WORK TO COMPLETE »
Leaving out every picture, copy the lines of the material below exactly, from the line containing "s l1600 - Wanderlust" through the line containing "Fraude con códigos".

EXERCISE INPUT »

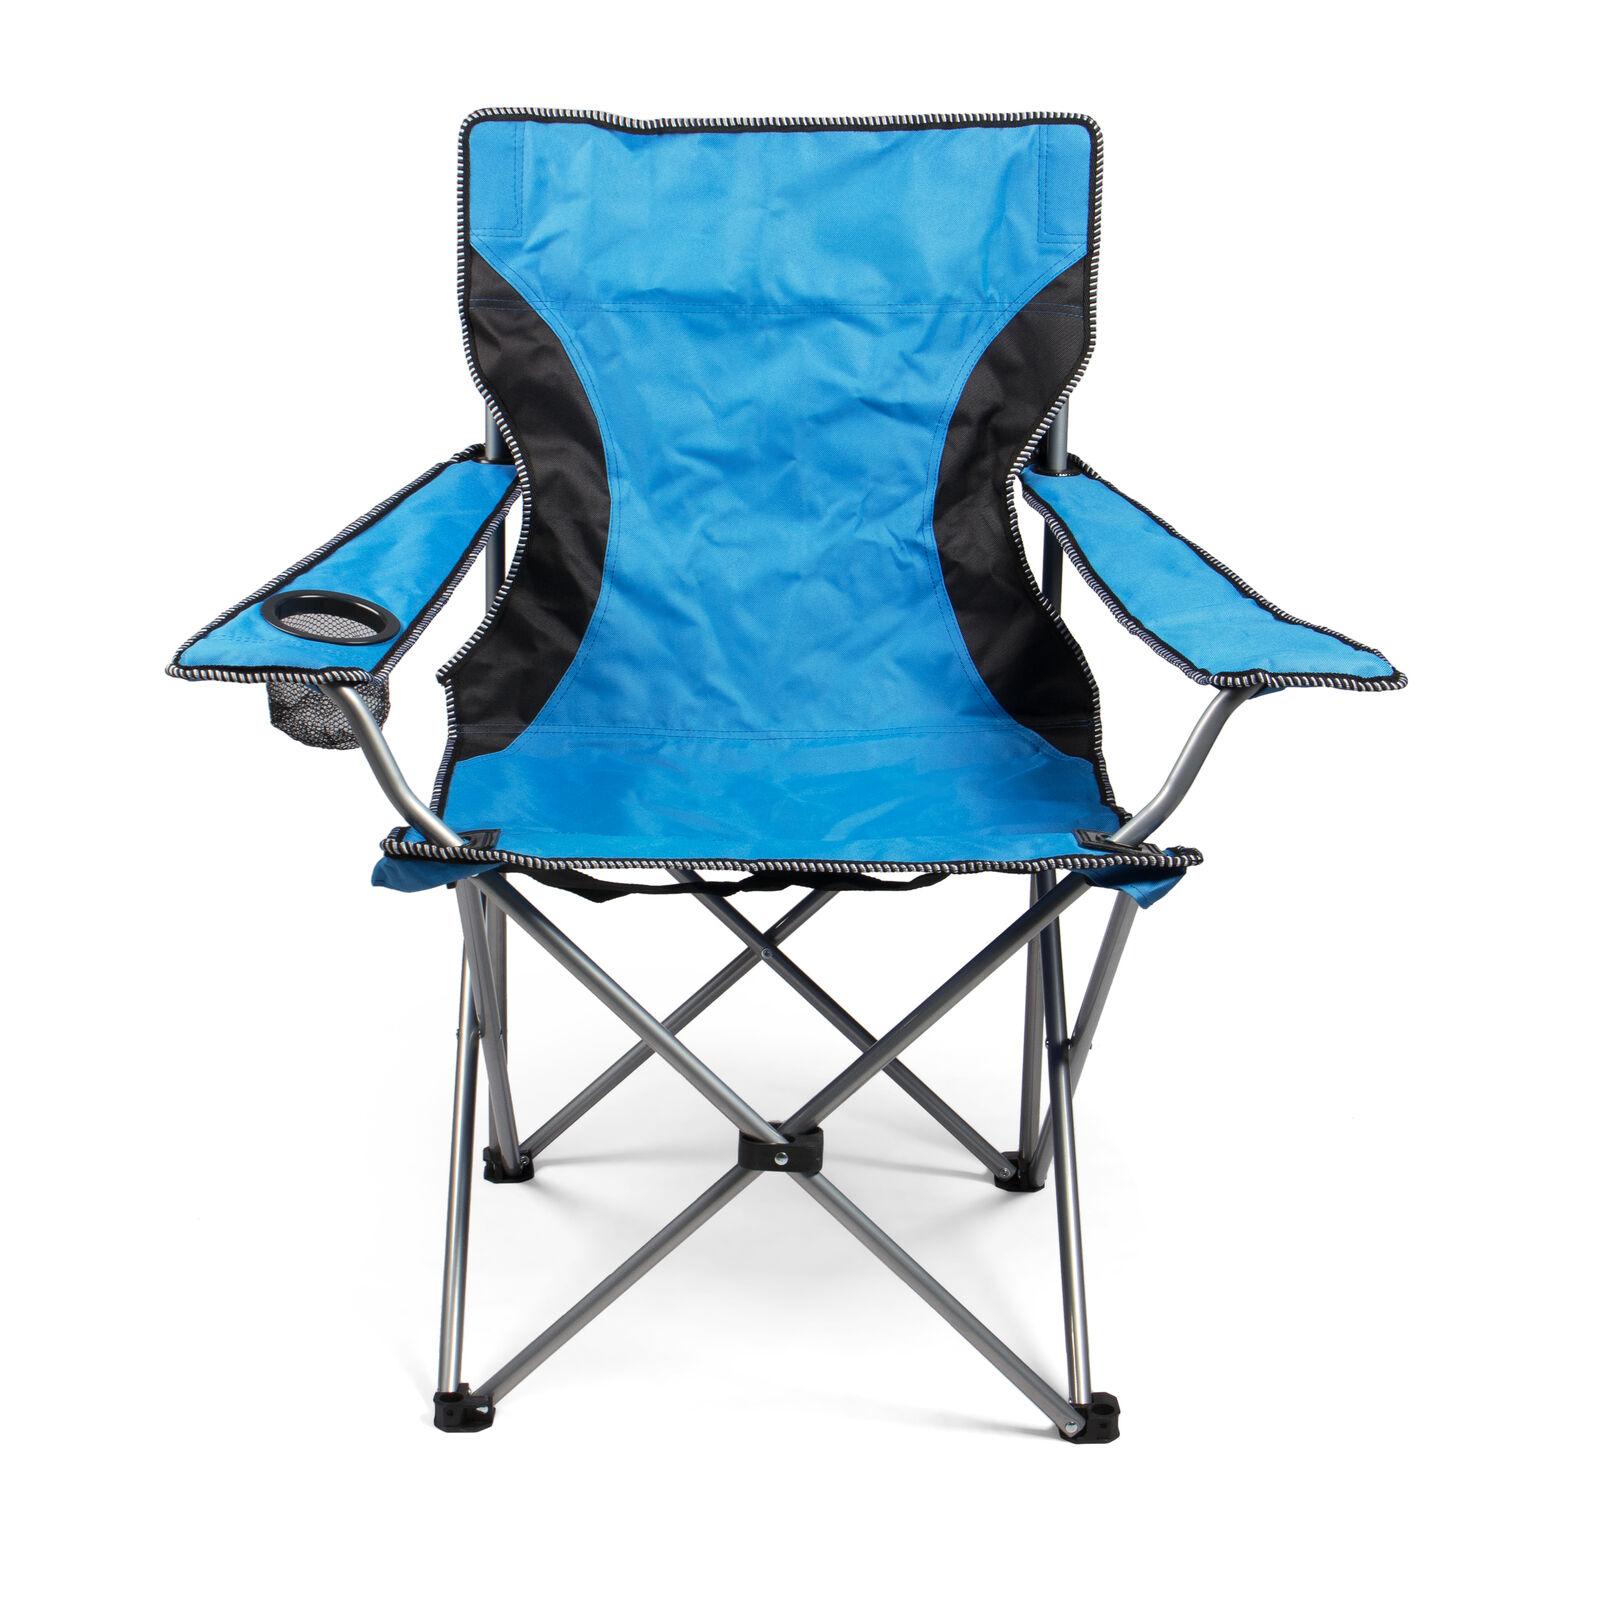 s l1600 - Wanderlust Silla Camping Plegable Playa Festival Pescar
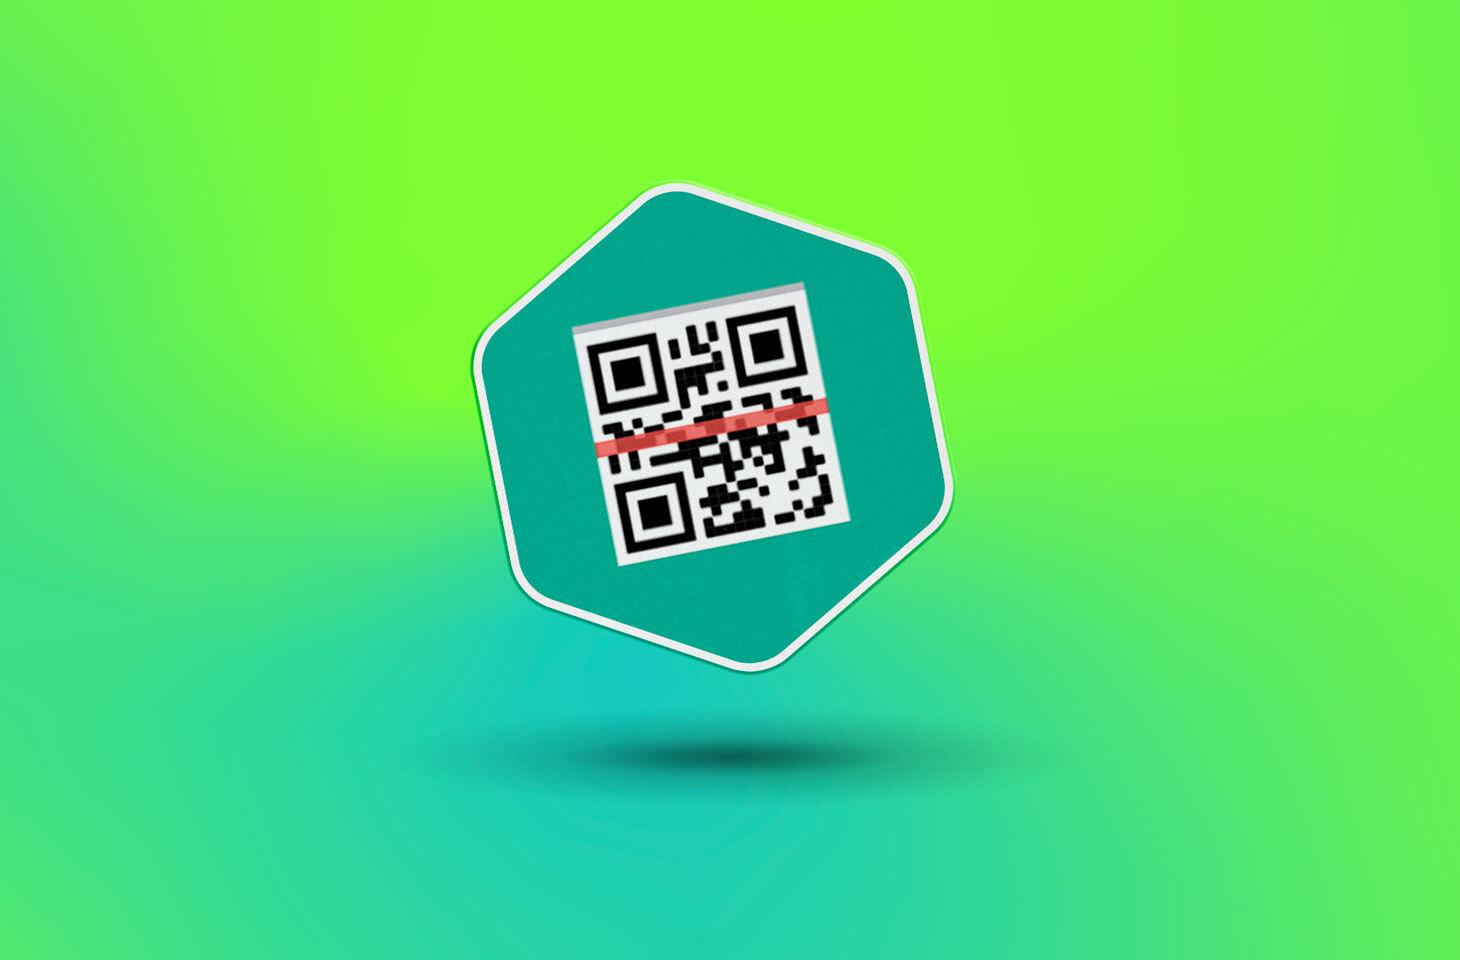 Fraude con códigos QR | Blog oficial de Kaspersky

---

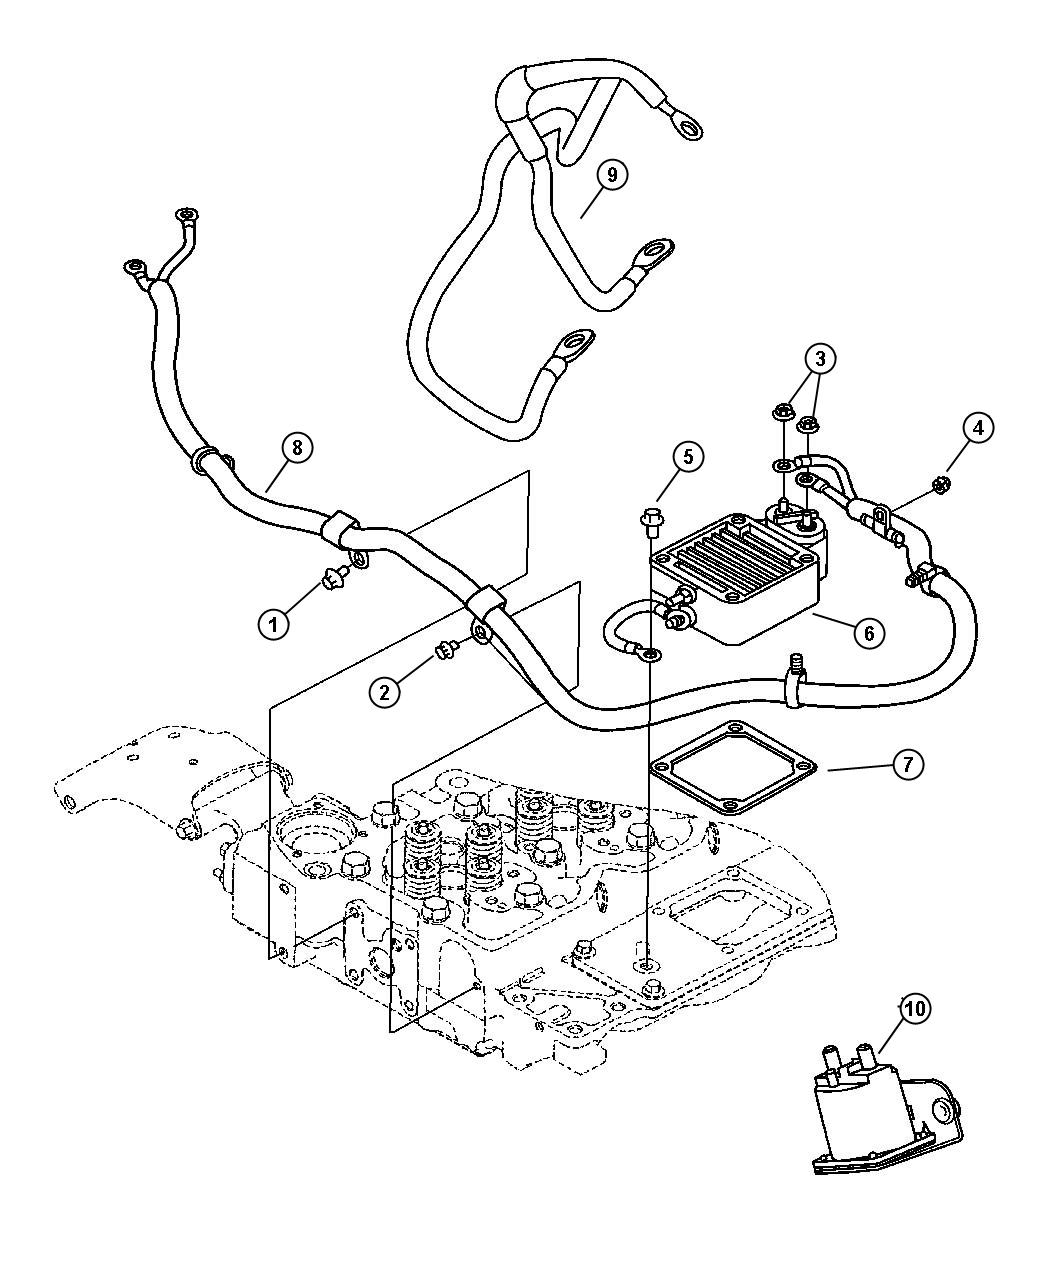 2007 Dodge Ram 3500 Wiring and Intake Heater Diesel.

==

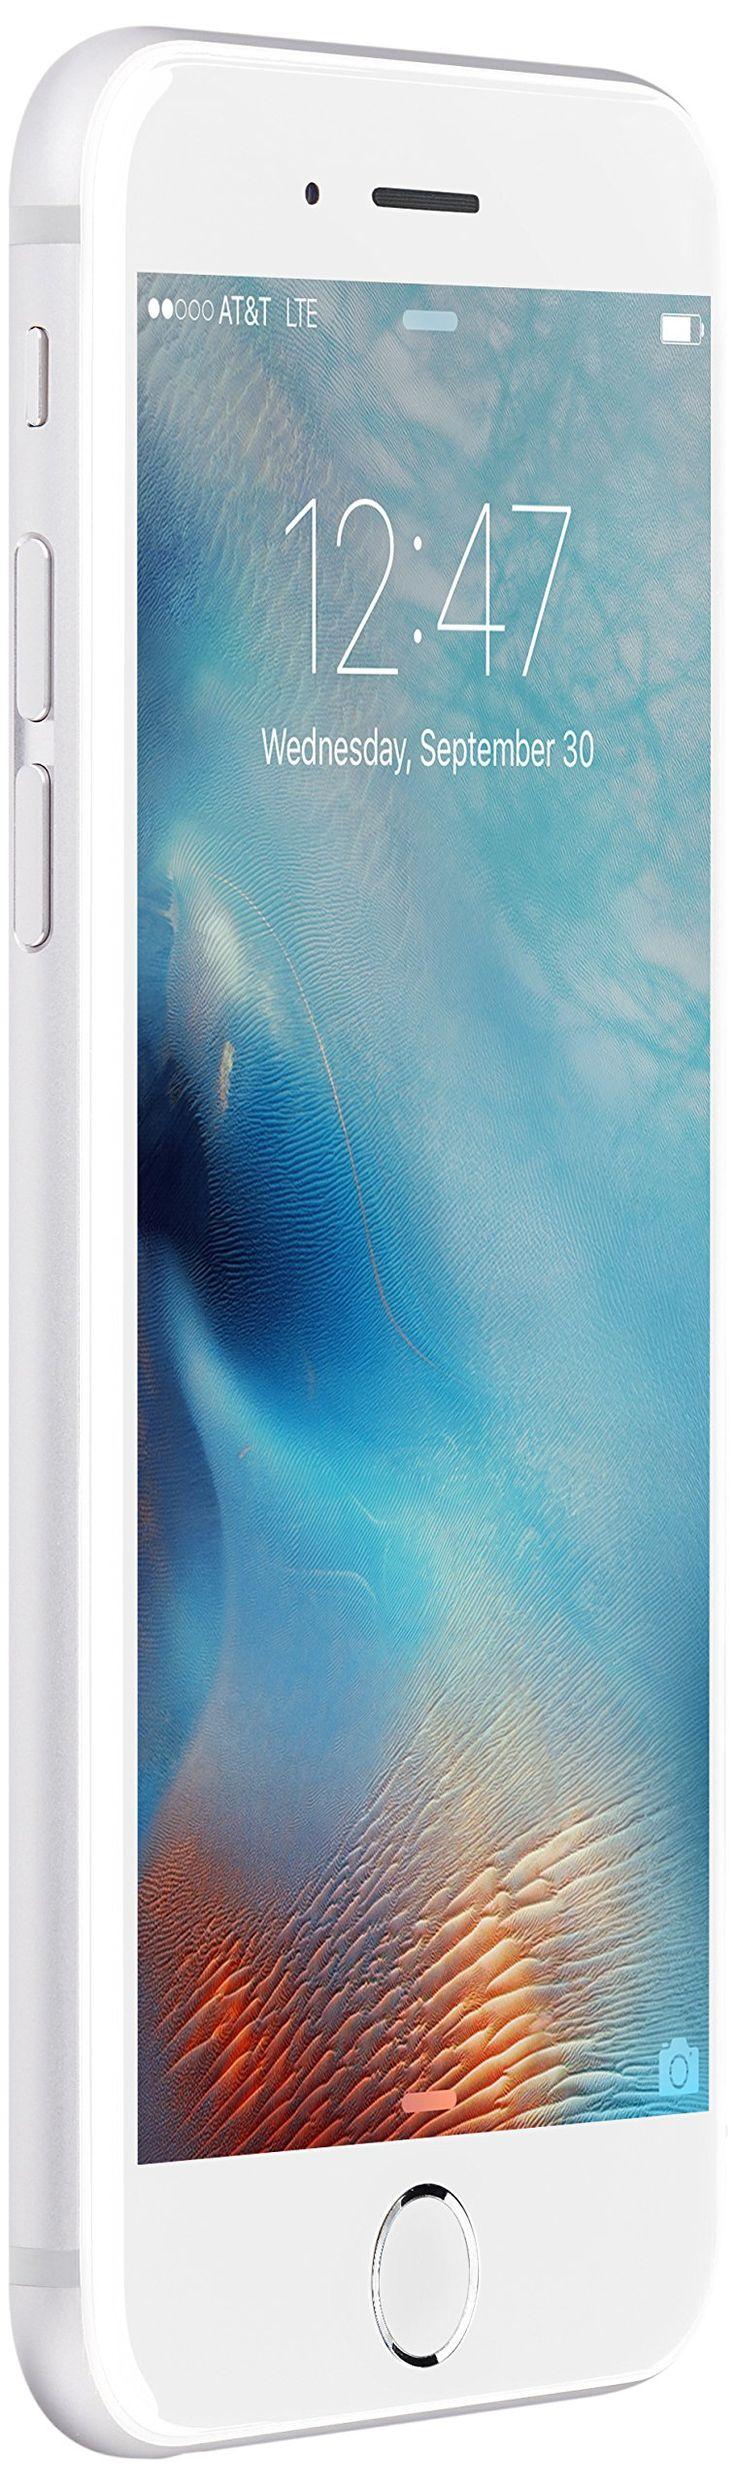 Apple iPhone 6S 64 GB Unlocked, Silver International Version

TASK SOLUTION »
 s l1600 - Wanderlust Silla Camping Plegable Playa Festival Pescar
 Fraude con códigos QR | Blog oficial de Kaspersky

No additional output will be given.